The present invention disclosed herein comprises a sand control screen assembly that prevents the production of particulate materials from a well that traverses a hydrocarbon bearing subterranean formation or operates as an injection well. The sand control screen assembly of the present invention achieves this result without the need for performing a gravel packing operation. In addition, the sand control screen assembly of the present invention interventionlessly provides radial support to the formation without the need for expanding metal tubulars. Further, the sand control screen assembly of the present invention is suitable for operation in open hole completions in long, horizontal production intervals.
In one aspect, the present invention is directed to a sand control screen assembly that is operable to be positioned within a wellbore. The sand control screen assembly includes a base pipe having at least one opening in a sidewall portion thereof and an internal flow path. A swellable material layer is disposed exteriorly of at least a portion of the base pipe. A fluid collection subassembly is disposed exteriorly of the swellable material layer and is in fluid communication with the internal flow path via the opening. A filter medium is operably associated with the sand control screen assembly and is disposed in a fluid path between the exterior of the sand control screen assembly and the internal flow path. In response to contact with an activating fluid, such as a hydrocarbon fluid, water and gas, radial expansion of the swellable material layer causes at least a portion of the fluid collection subassembly to be displaced toward a surface of the wellbore and preferably in close proximity to or contact with the wellbore.
In one embodiment, the swellable material layer is disposed exteriorly of a blank pipe section of the base pipe. In another embodiment, the swellable material layer is disposed exteriorly of a perforated section of the base pipe. In certain embodiments, the fluid collection subassembly includes a plurality of circumferentially distributed perforated tubulars. In such embodiment, fluid discharged from the perforated tubulars may be received in a chamber prior to entering the internal flow path. In other embodiments, the fluid collection subassembly may include a plurality of fluid inlets such as telescoping fluid inlets, flexible fluid inlets and the like.
In one embodiment, the filter medium is disposed external to the fluid collection subassembly. In another embodiment, the filter medium is disposed internal to the fluid collection subassembly.
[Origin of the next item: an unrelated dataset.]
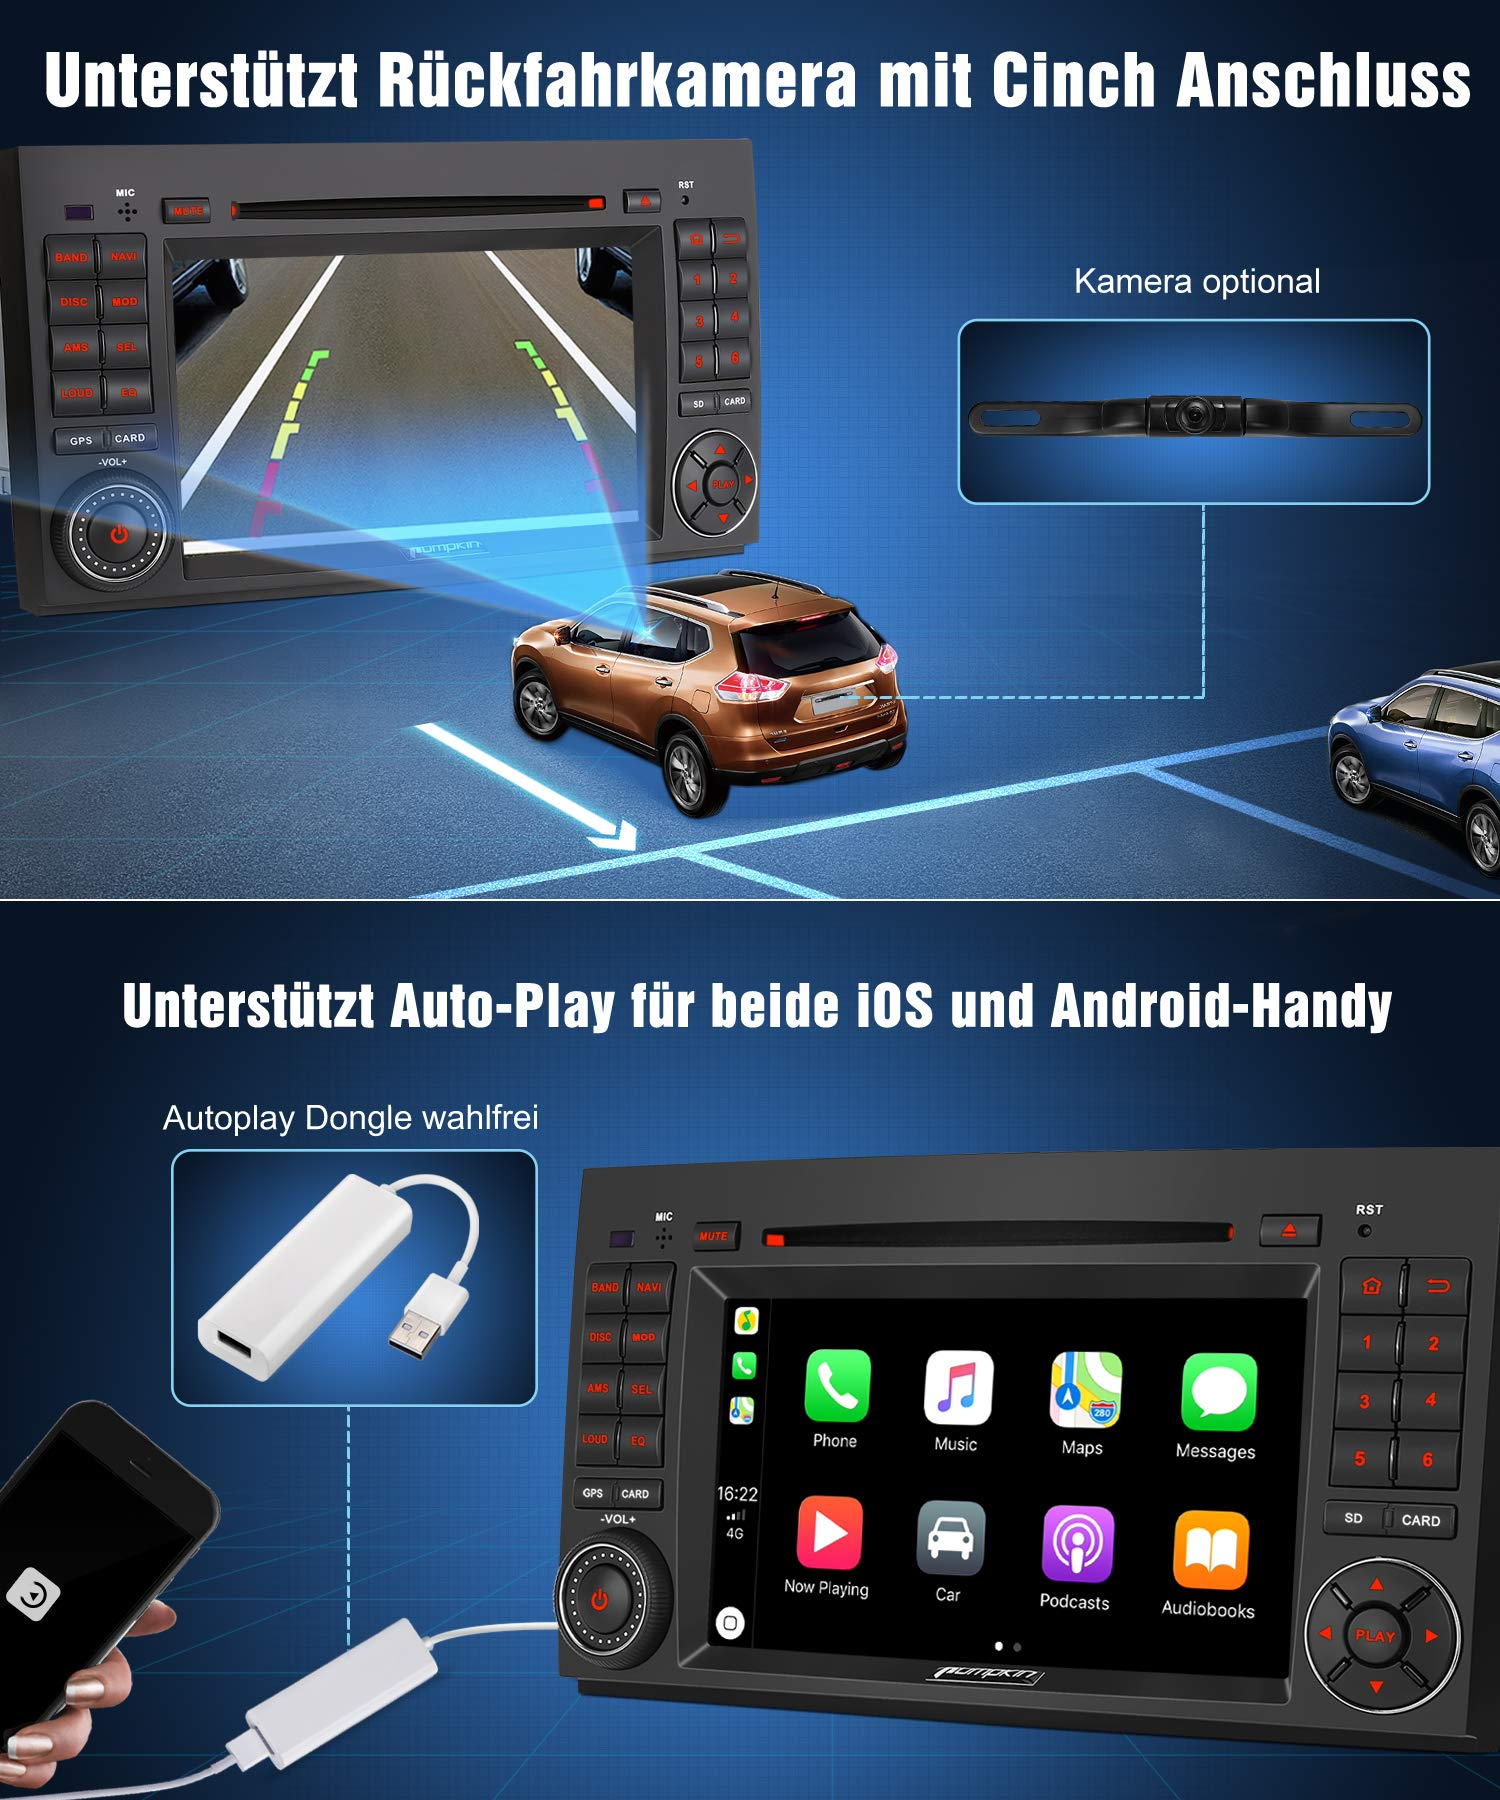 Pumpkin-Android-80-Autoradio-Radio-fr-Mercedes-Benz-A-KlasseB-KlasseVito-mit-Navi-Untersttzt-Bluetooth-DAB-USB-CD-DVD-Android-Auto-WLAN-4G-MicroSD-2-Din-7-Zoll-Bildschirm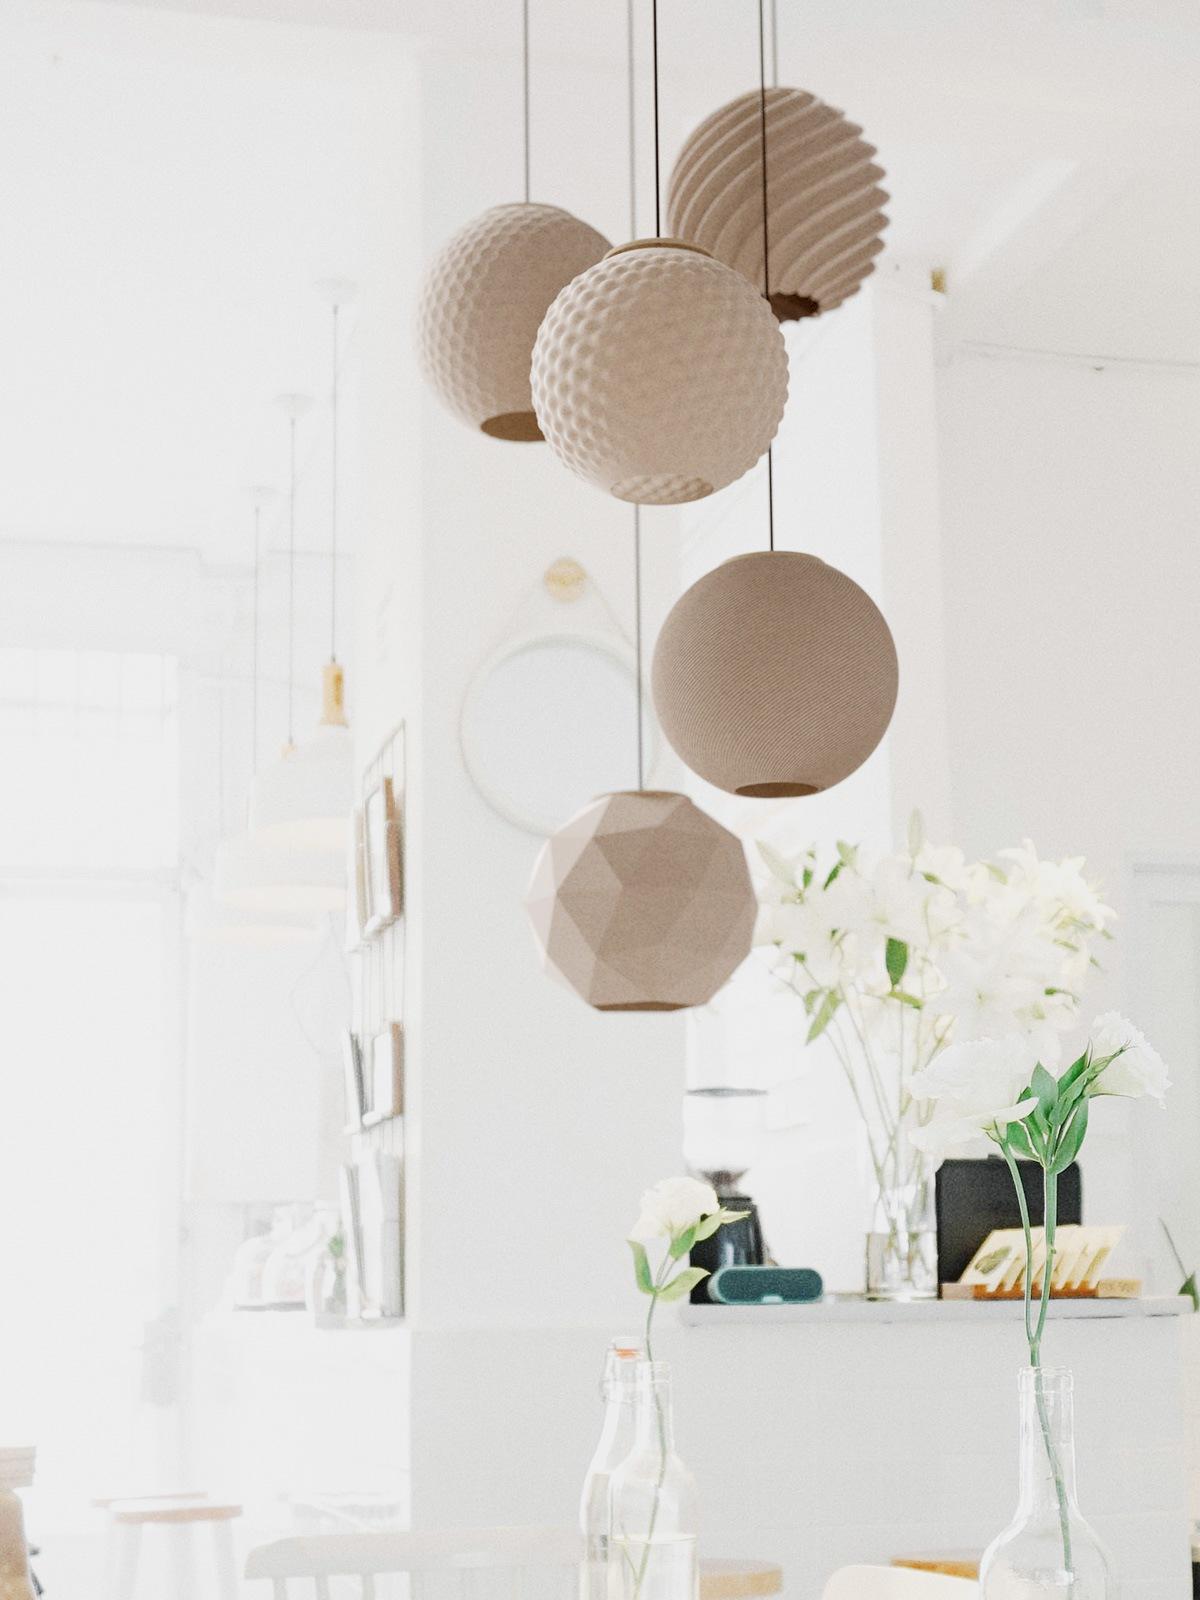 Polyluma Random Leuchten 3-D-Drucker Design Berlin DesignOrt Lampen Onlineshop

In a further embodiment, the filter medium is disposed downstream of the fluid collection subassembly. The filter medium may be a single layer mesh screen, a multiple layer mesh screen, a wire wrapped screen, a prepack screen, a ceramic screen, a fluid porous, particulate resistant sintered wire mesh screen, a fluid porous, particulate resistant diffusion bonded wire mesh screen or the like. In certain embodiments, a screen element may be disposed external to the fluid collection subassembly and the swellable material layer.
In another aspect, the present invention is directed to a sand control screen assembly that is operable to be positioned within a wellbore. The sand control screen assembly includes a base pipe having a perforated section, a blank pipe section and an internal flow path. A swellable material layer is disposed exteriorly of the blank pipe section of the base pipe. A fluid collection subassembly is disposed exteriorly of the swellable material layer and is in fluid communication with the internal flow path. A filter medium is disposed exteriorly of the perforated section of the base pipe. In response to contact with an activating fluid, radial expansion of the swellable material layer causes at least a portion of the fluid collection subassembly to be displaced toward a surface of the wellbore.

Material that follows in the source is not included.